# Deepcar Motorhomes International



## Hovis (Mar 28, 2007)

Can anyone out there tell me what has happened to "Deepcar Motorhomes International" :?:


----------



## Rapide561 (Oct 1, 2005)

*DMI*

Not sure. The website is still active but has been showing dwindling stock for at least a year form memory.

Russell


----------



## lucy2 (Jun 27, 2007)

If you go onto their www it states that their sales, workshop, hire operation is now closed. I seem to remember they shut about 1 year ago due to the exchange rate i believe.


----------



## spatz1 (May 19, 2011)

Last time i passed the house and yard were for sale... but then he did have a lousy local reputation in the car buisness prior to selling to a motorhome nationwide clientelle...
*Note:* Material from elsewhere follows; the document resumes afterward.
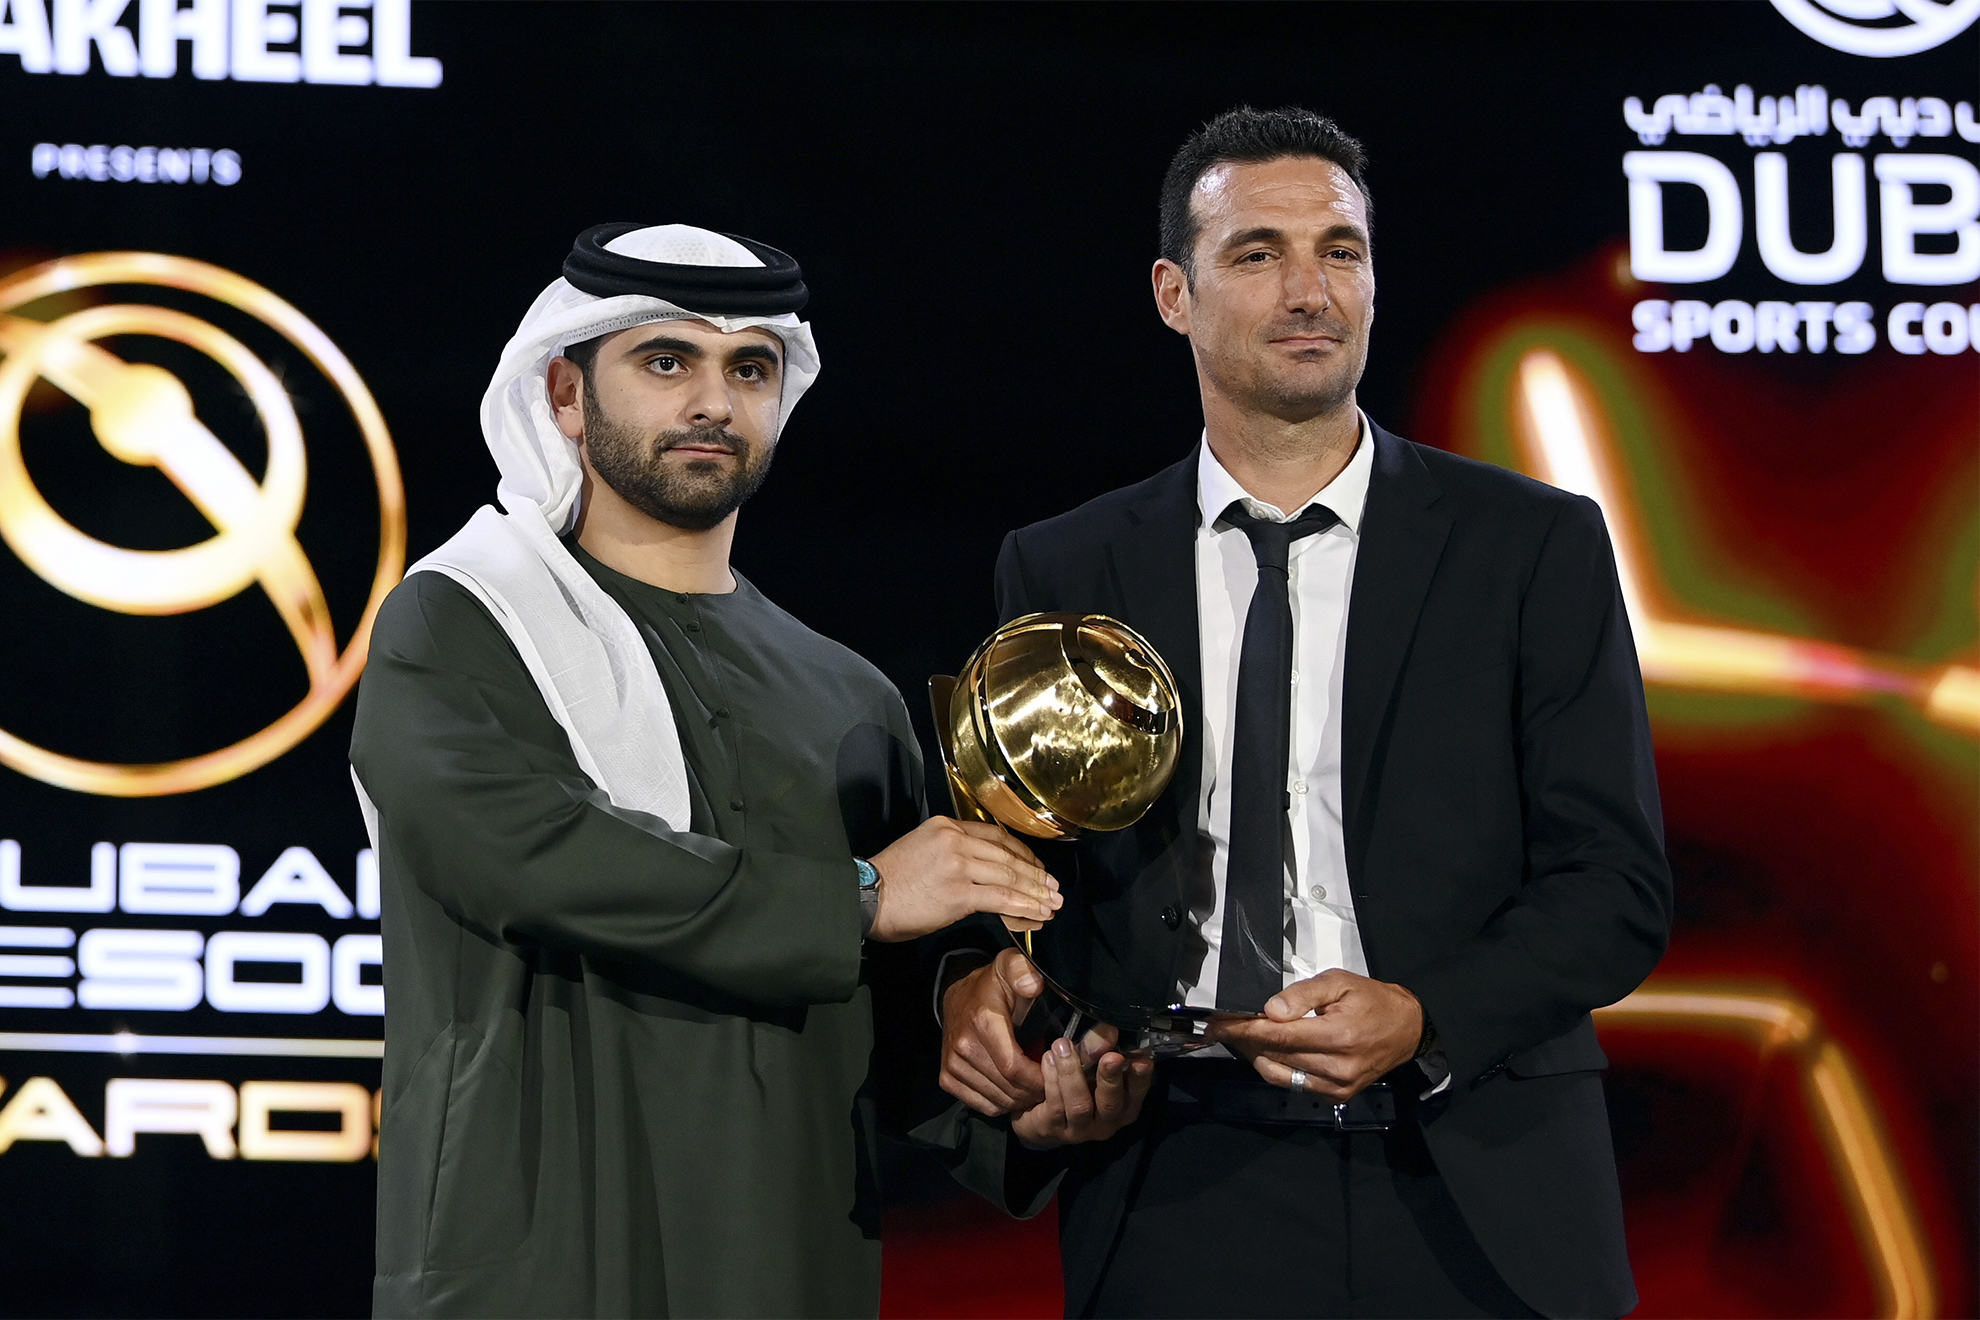 Scaloni recibe el trofeo por su carrera como entrenador en la Gala Globe Soccer en Dubai

And emil who did the voyager motorhome hire buisness nearby has sold them all and quit that as well as selling deepcar service station, and is now back selling cars that the locals are happy to buy....


----------



## aldra (Jul 2, 2009)

Dirk sold up and returned to Germany, where he still sells Hymers as far as I am aware

Aldra


----------



## trevd01 (Oct 26, 2007)

Their site near Sheffield now sells cars.

The business split in two a number of years ago when David Elliott set up Wellhouse, with some of the staff.

Since then Wellhouse has gone from strength to strength becoming a mainstream international camper van manufacturer with their new Hyundai model which is being sold across Europe.


----------